Description
These raw vegan carrot cake bites are a healthier take on classic carrot cake, rolled in coconut and perfect for snacking.
Ingredients
Scale
- 1 cup chopped carrots (about 1 large)
- 1/2 cup pecans
- 1/2 cup coconut flakes
- 1 cup oats (rolled or quick)
- 1/2 cup Medjool dates (about 5), pitted
- 1/4 cup cashew butter (or nut butter of choice)
- 1 1/2 teaspoons ground cinnamon
- 1/2 teaspoon ground nutmeg
- 1/3 cup shredded coconut (for rolling)
Instructions
- Prepare Ingredients: Ensure carrots are peeled and roughly chopped. Pit the Medjool dates. Measure other ingredients as well.

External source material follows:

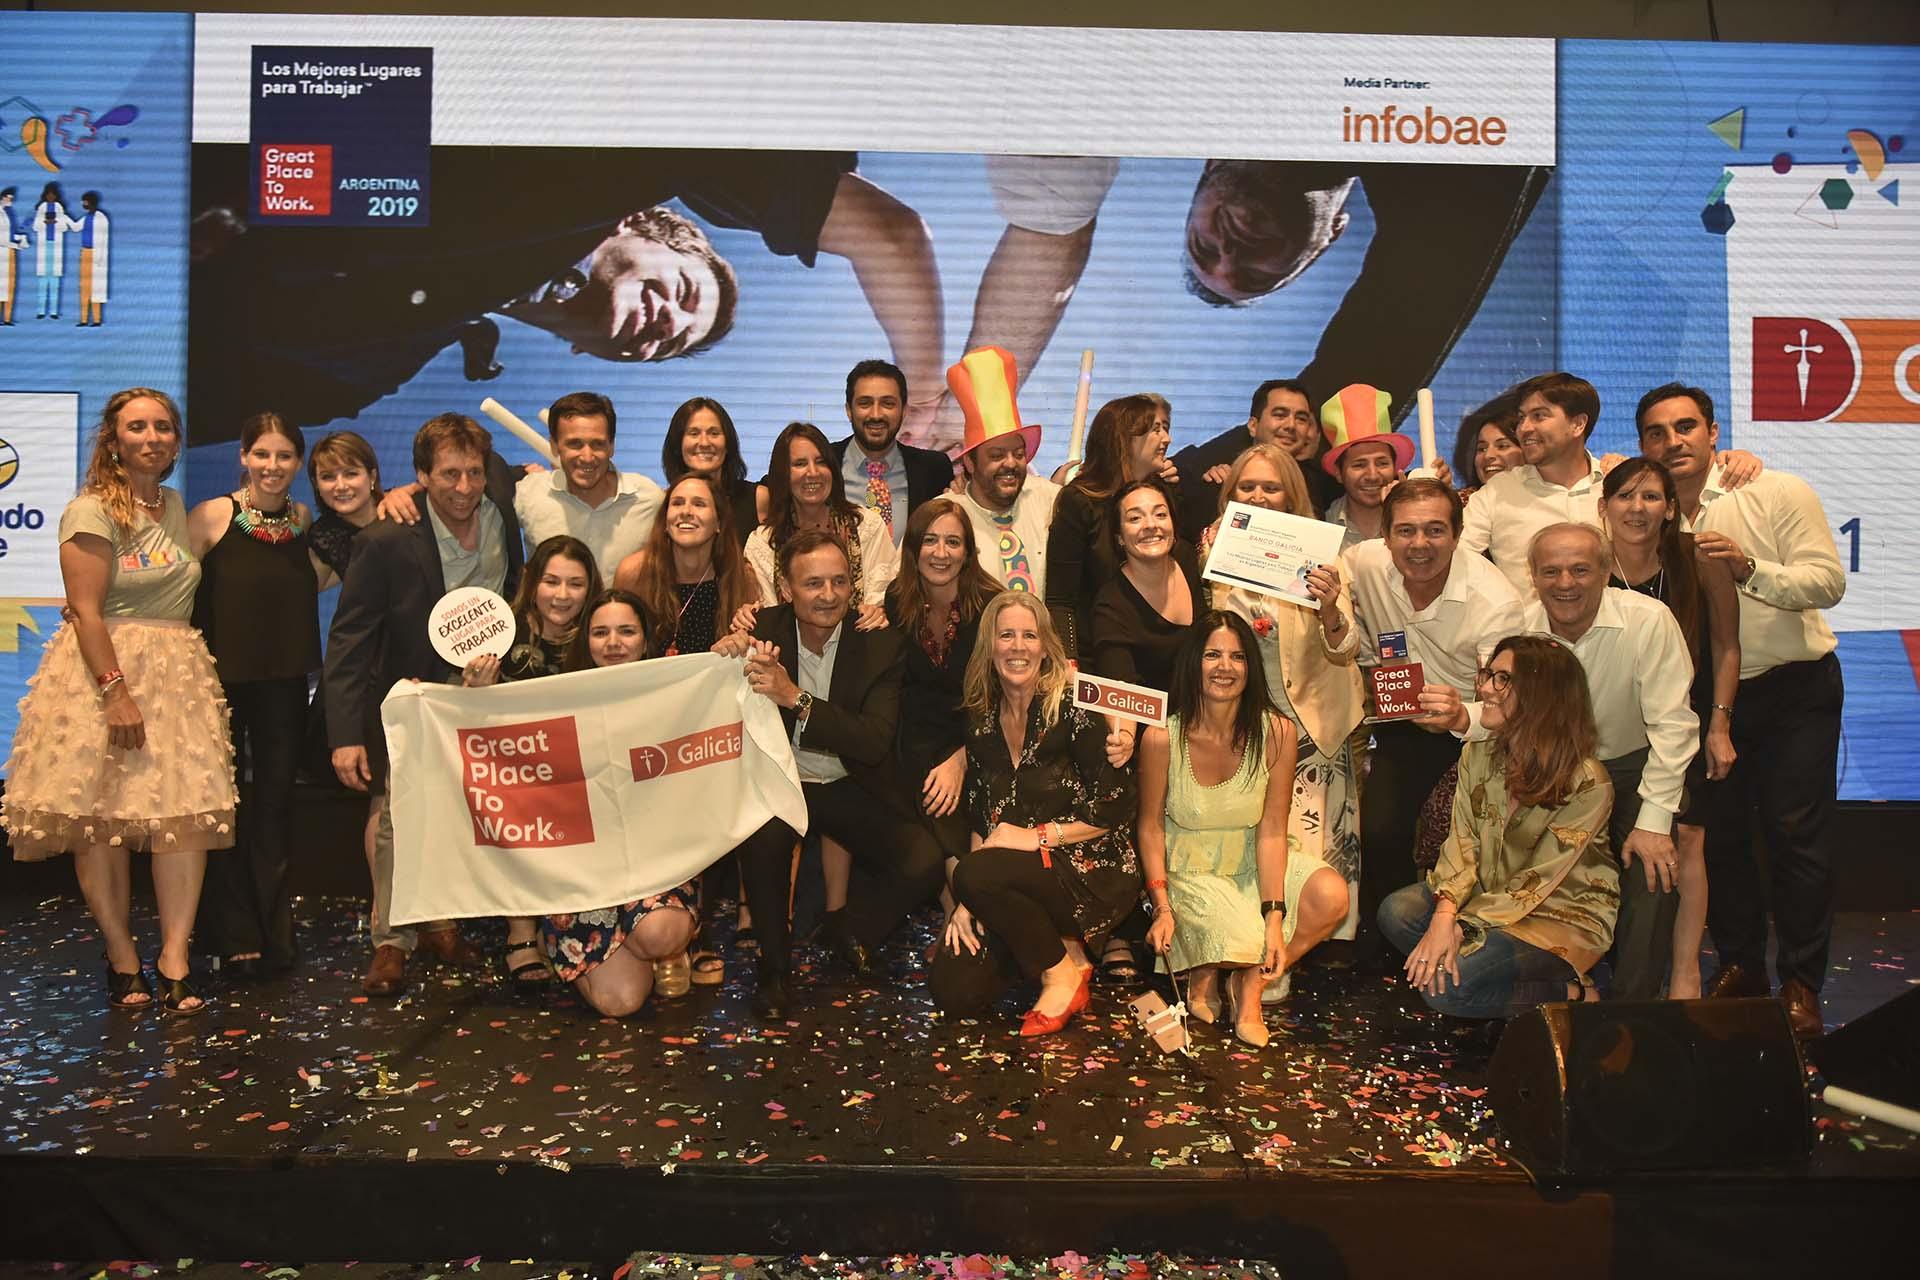 El equipo de Galicia recibió el primer puesto en el ranking de los mejores lugares para trabajar en Argentina en la categoría de mil colaboradores

- Process Dry Ingredients: In a food processor, pulse the pecans and oats until they form a coarse meal. Transfer to a large mixing bowl.
- Process Wet Ingredients: Add the chopped carrots and pitted dates to the food processor. Process until finely shredded and combined into a sticky paste.
- Combine All Ingredients: Add the carrot-date mixture, coconut flakes, cashew butter, ground cinnamon, and ground nutmeg to the bowl with the pecan-oat mixture. Mix until a cohesive, sticky dough forms.
- Form Bites: Scoop out portions about 1 tablespoon each and roll between your palms to form balls.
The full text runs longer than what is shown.